El verdín de las piedras de las casas marcan las generaciones. Con el paso de éstas las casas mueren y rejuvenecen de forma extraordinaria, pero los secretos, perduran. Las laberínticas calles del pueblo son prudentes y guardan silencio. En ocasiones parece que lo va a romper el eco de las pisadas contra el adoquinado. No va más allá y lejos de que estos secretos sean desvelados, quedan más encerrados en la piedra si cabe.
‒Hoy ‒habló Candela sin perder de vista la iglesia‒ iba a cocinar unos de esos judiones que tanto te gustan. Pero fíjate qué despistada ando desde hace días, que se me olvidó meterlos a remojo por la noche. ¿Qué te apetece?
‒No... no creo que vaya a comer hoy.
‒¿Tú? ¿Con lo tragaldabas que eres? Aún es muy temprano; ya tendrás hambre.
‒No creo...
Las campanas volvieron a tocar recorriendo cada rincón. Las palomas levantaron el vuelo sin orden ni concierto terminando en otra vivienda o en algún árbol. El sol impactaba tan de lleno en las vidrieras que sus figuras quedaron ocultas, puede que expectantes, de lo que sucedía en tan triste día. Largas ramas empujadas por el viento azotaban paredes y cristales cercanos, como látigos que silbaban con furia y de las que se desprendía alguna que otra hoja. Desde el balcón Candela pudo ver salir al cura de la iglesia mirando el reloj y, acto seguido, haciendo lo propio de un lado a otro, regresar al interior.
Sobrevolaba el ambiente una desesperanza punzante; tal vez también proviniese del humo de las chimeneas...
‒Me encuentro rara, ¿sabes?
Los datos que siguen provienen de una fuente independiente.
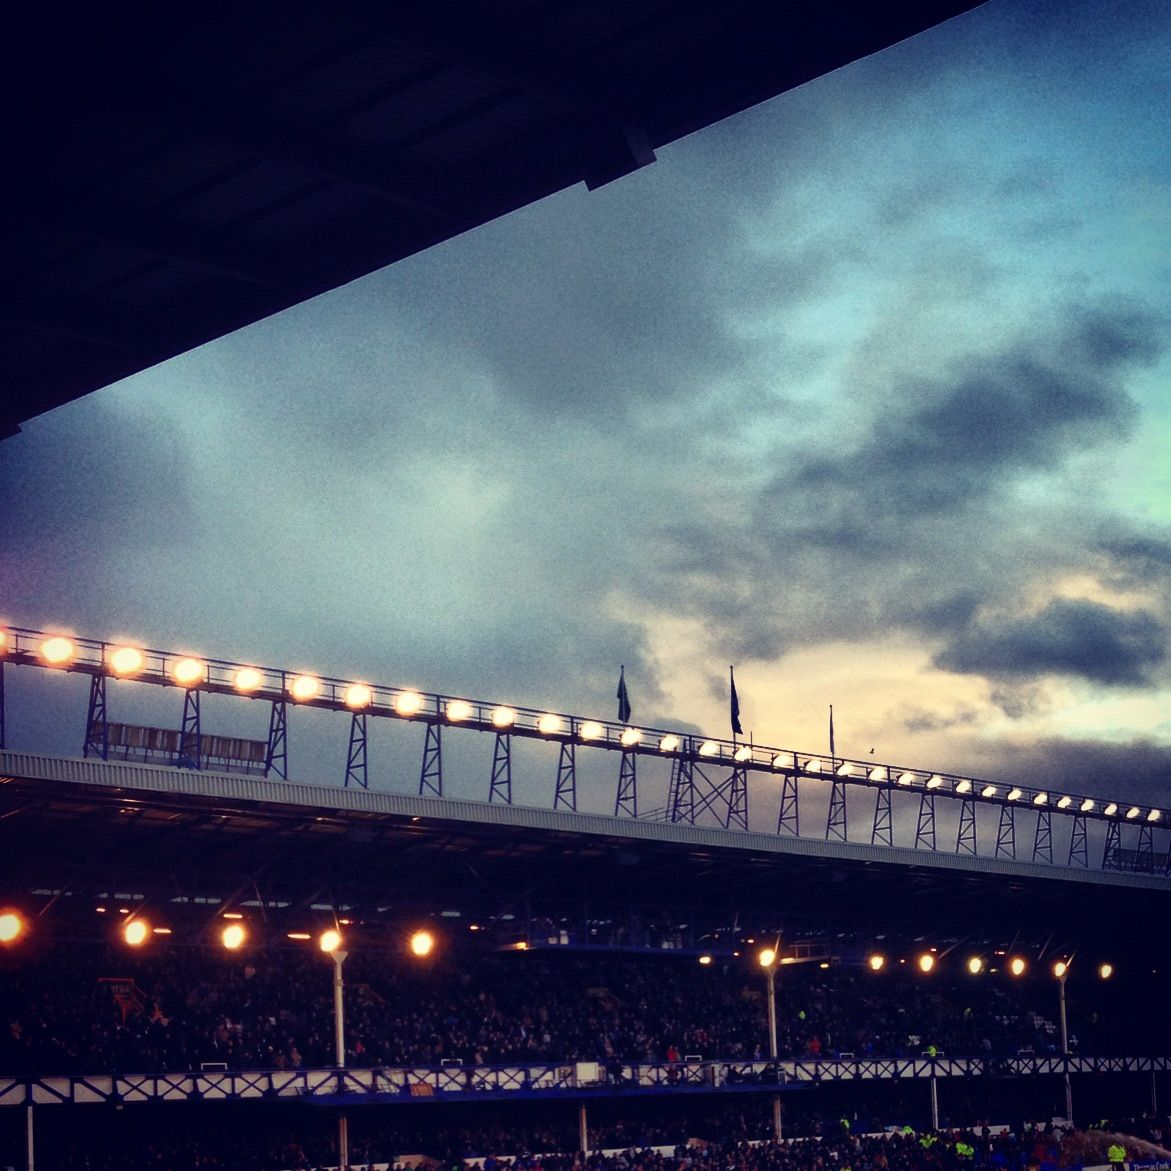 Bobs Gmc Milford Ct: Goodison Park, Everton Fc

No sabría explicarte. La edad no perdona y tendríamos que empezar a cuidarnos más. Sobre todo tú, Alfredo; llevas meses con esa tos tan fea y ni vas al médico.
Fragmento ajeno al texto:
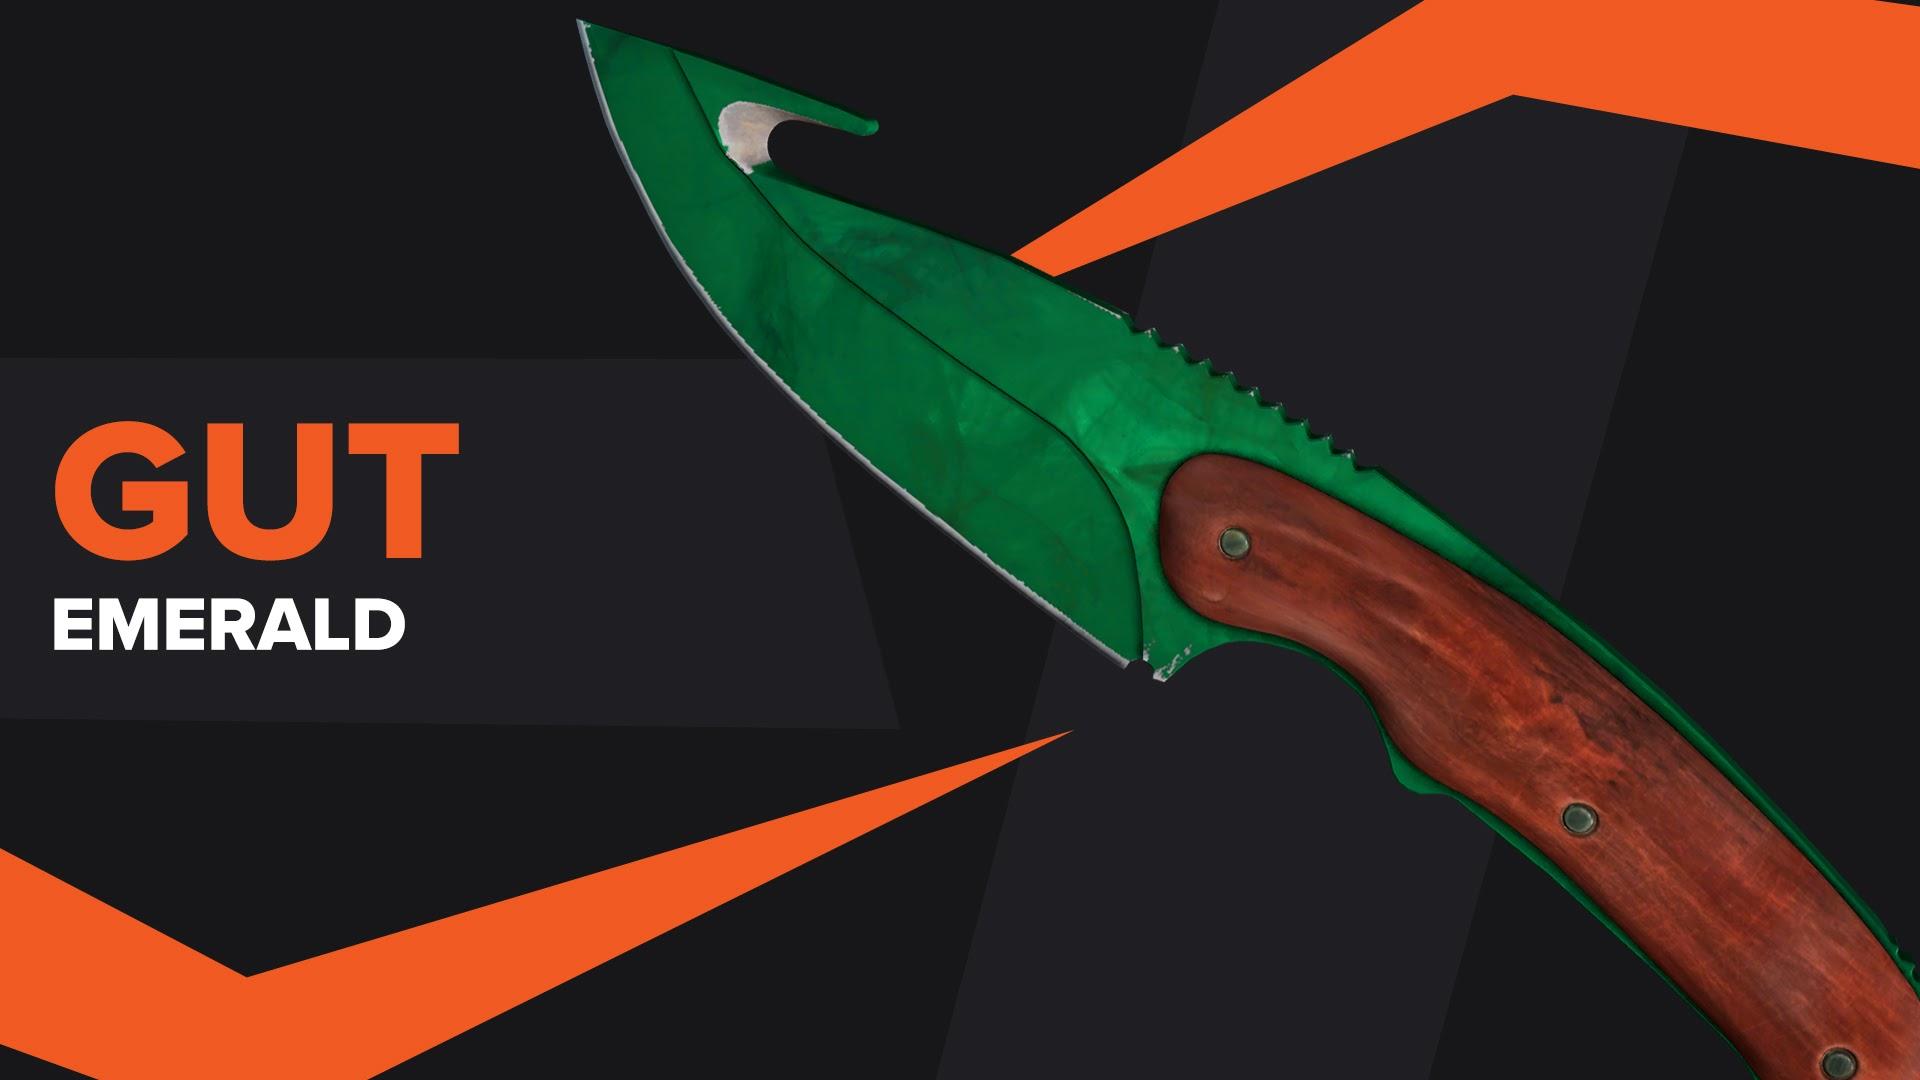 Gut Knife Emerald CSGO Skin

El sonido, inquietante, se iba apagando para dar paso a la otra campana. Luego volvía a empezar, una y otra vez, sin descanso. Martirizaba los oídos de Alfredo como nunca lo había hecho. Se levantó y miró el campanario situándose justo detrás de Candela. Multitud de recuerdos se agolparon en su cabeza. Y aunque ahora no quería recordar le resultaba inevitable.
‒Candela, amor mío, voy a llegar tarde ‒dijo Alfredo mientras las lágrimas resbalaban por las bolsas que se formaban bajo sus ojos.
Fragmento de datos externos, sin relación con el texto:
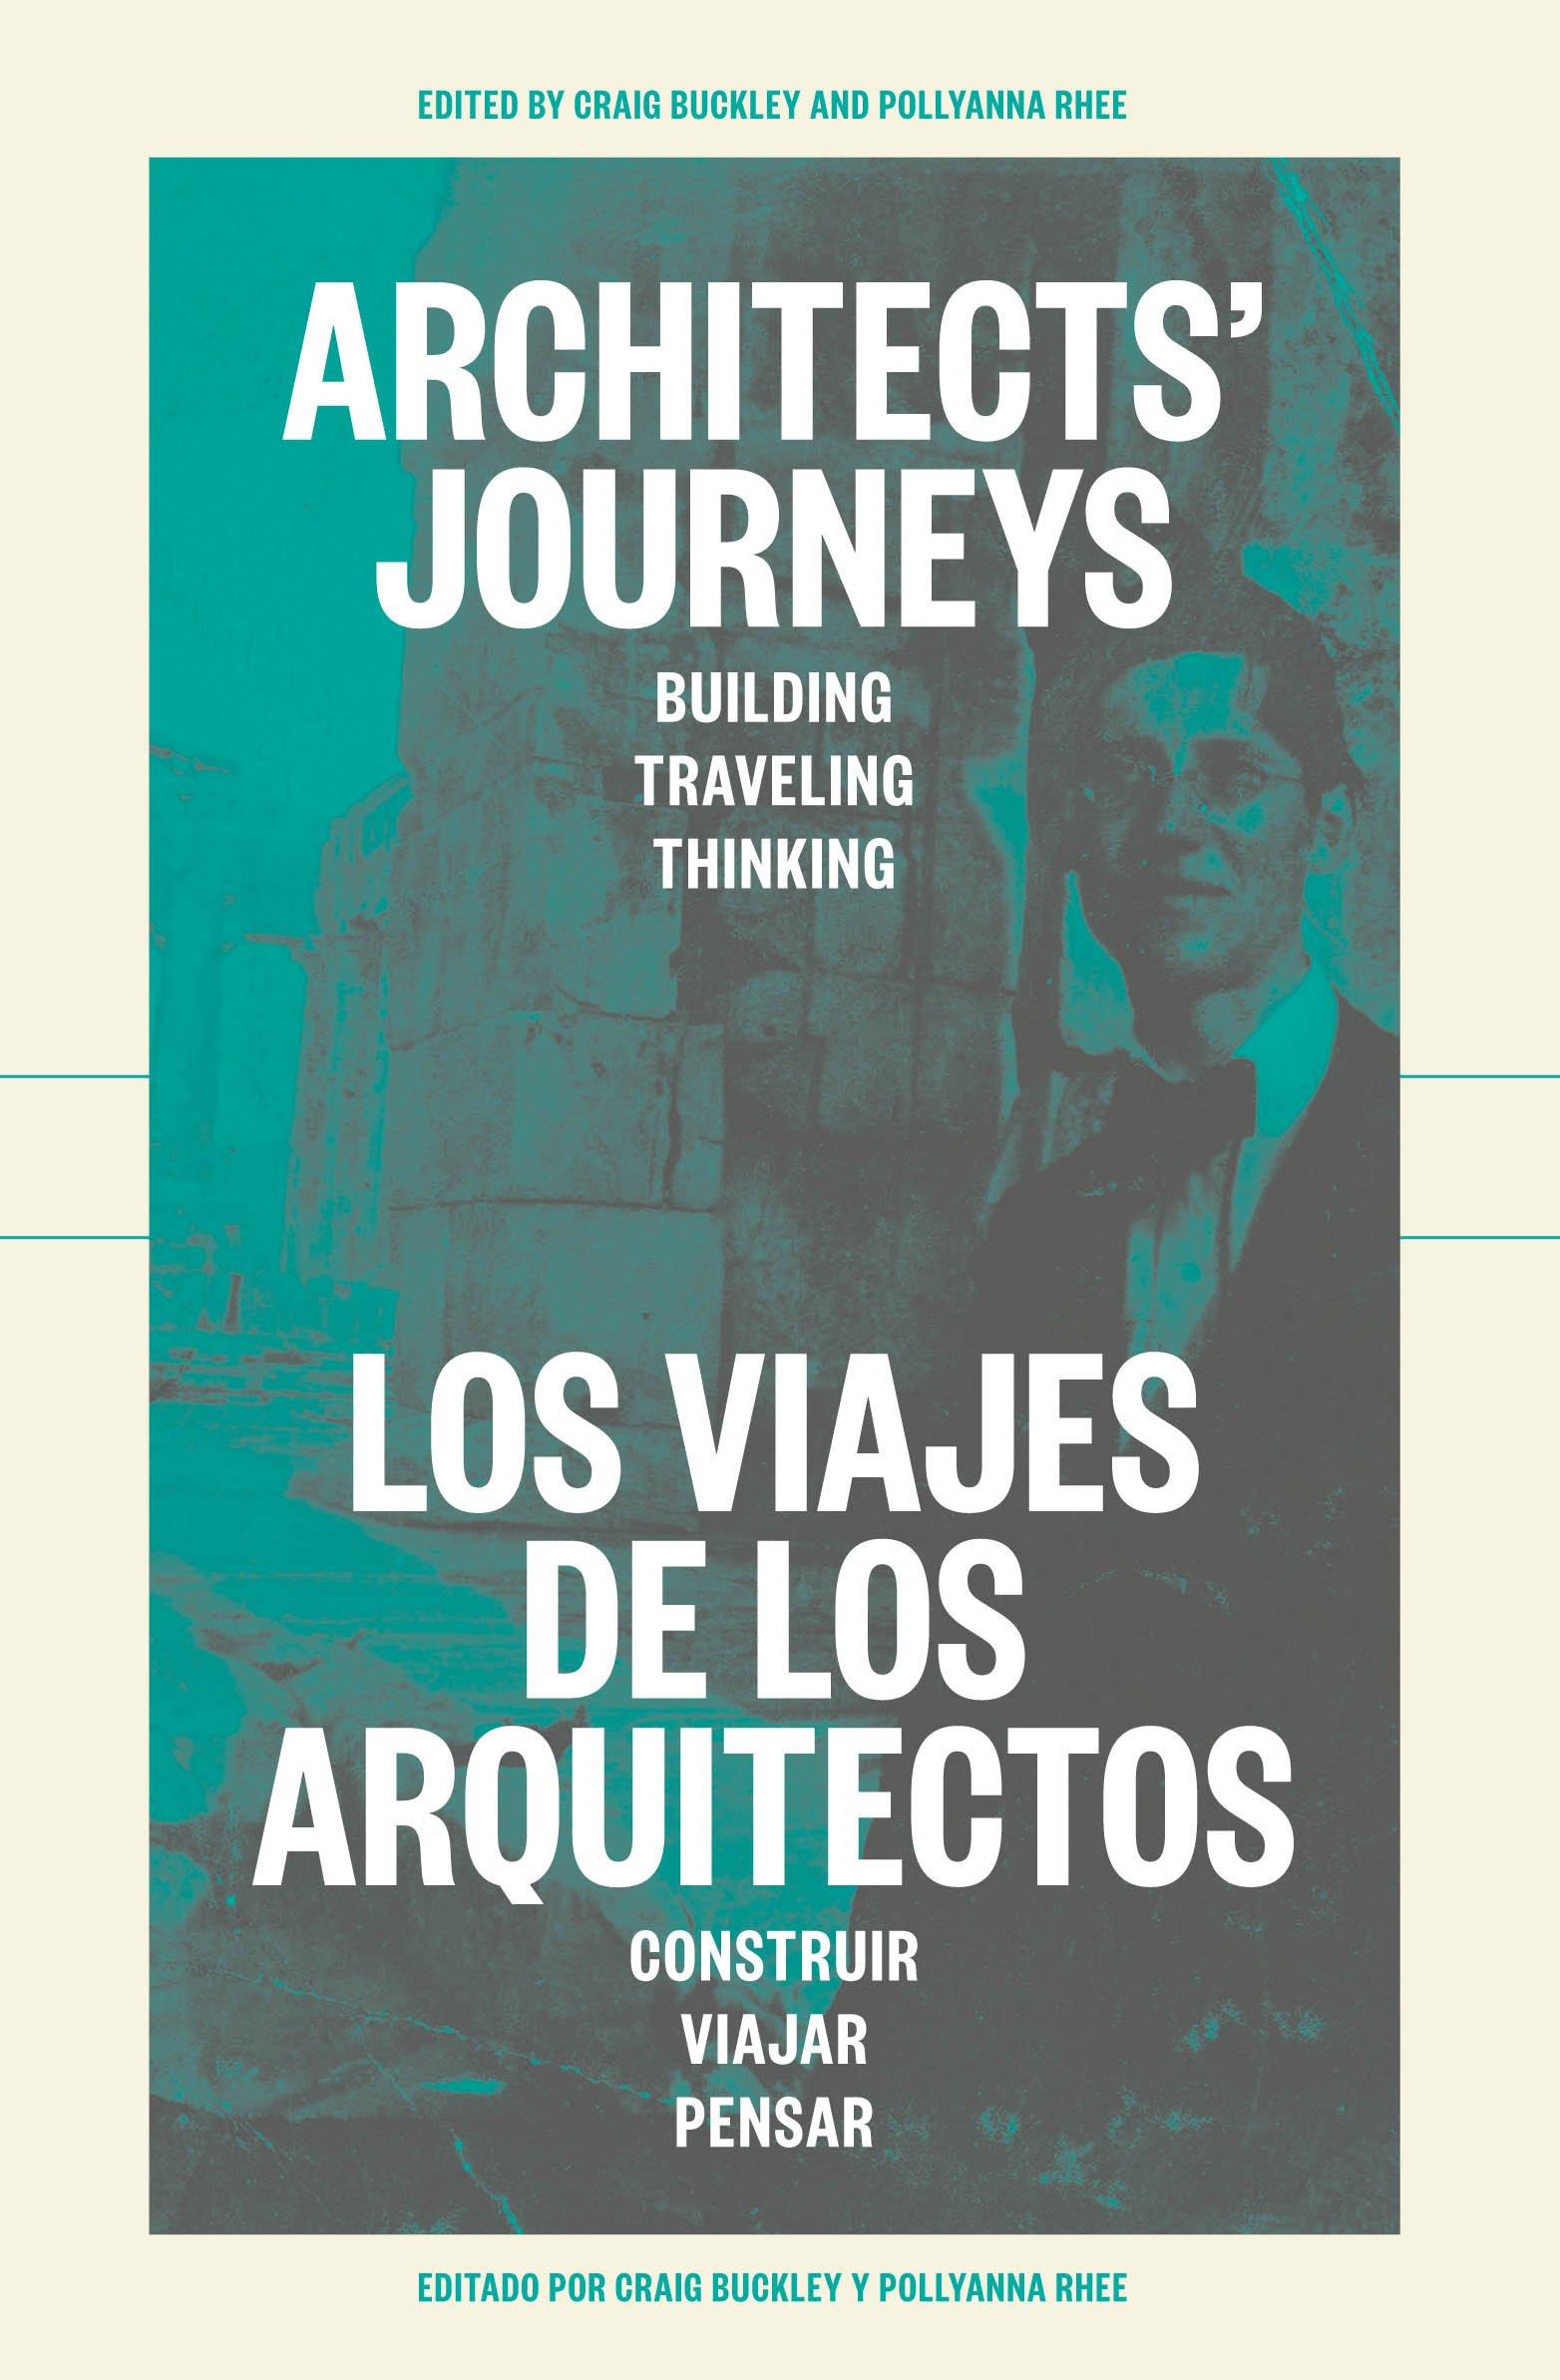 Architects' Journeys: Building Traveling Thinking

‒Amor mío... No me decías algo así desde hacía años ‒dijo Candela girándose hacia él‒. ¿Por qué lloras? ¿Qué ocurre?
Alfredo quedó callado y bajó la cabeza. No era capaz de responder.
‒¿Qué ocurre? ‒repitió Candela‒ ¿Por qué vas con corbata y vestido así, de luto?
Ella, girándose nuevamente, clavó sus ojos aterrados en la iglesia. Emitió un breve gemido mientras su esposo hubiera deseado abrazarla. Las campanas volvieron a llamar.
‒Cariño, amor mío, déjame marchar, por favor. No quiero llegar tarde... He encargado una corona preciosa que te encantará... ¿Estarás a mi regreso? ¿Estarás, amor?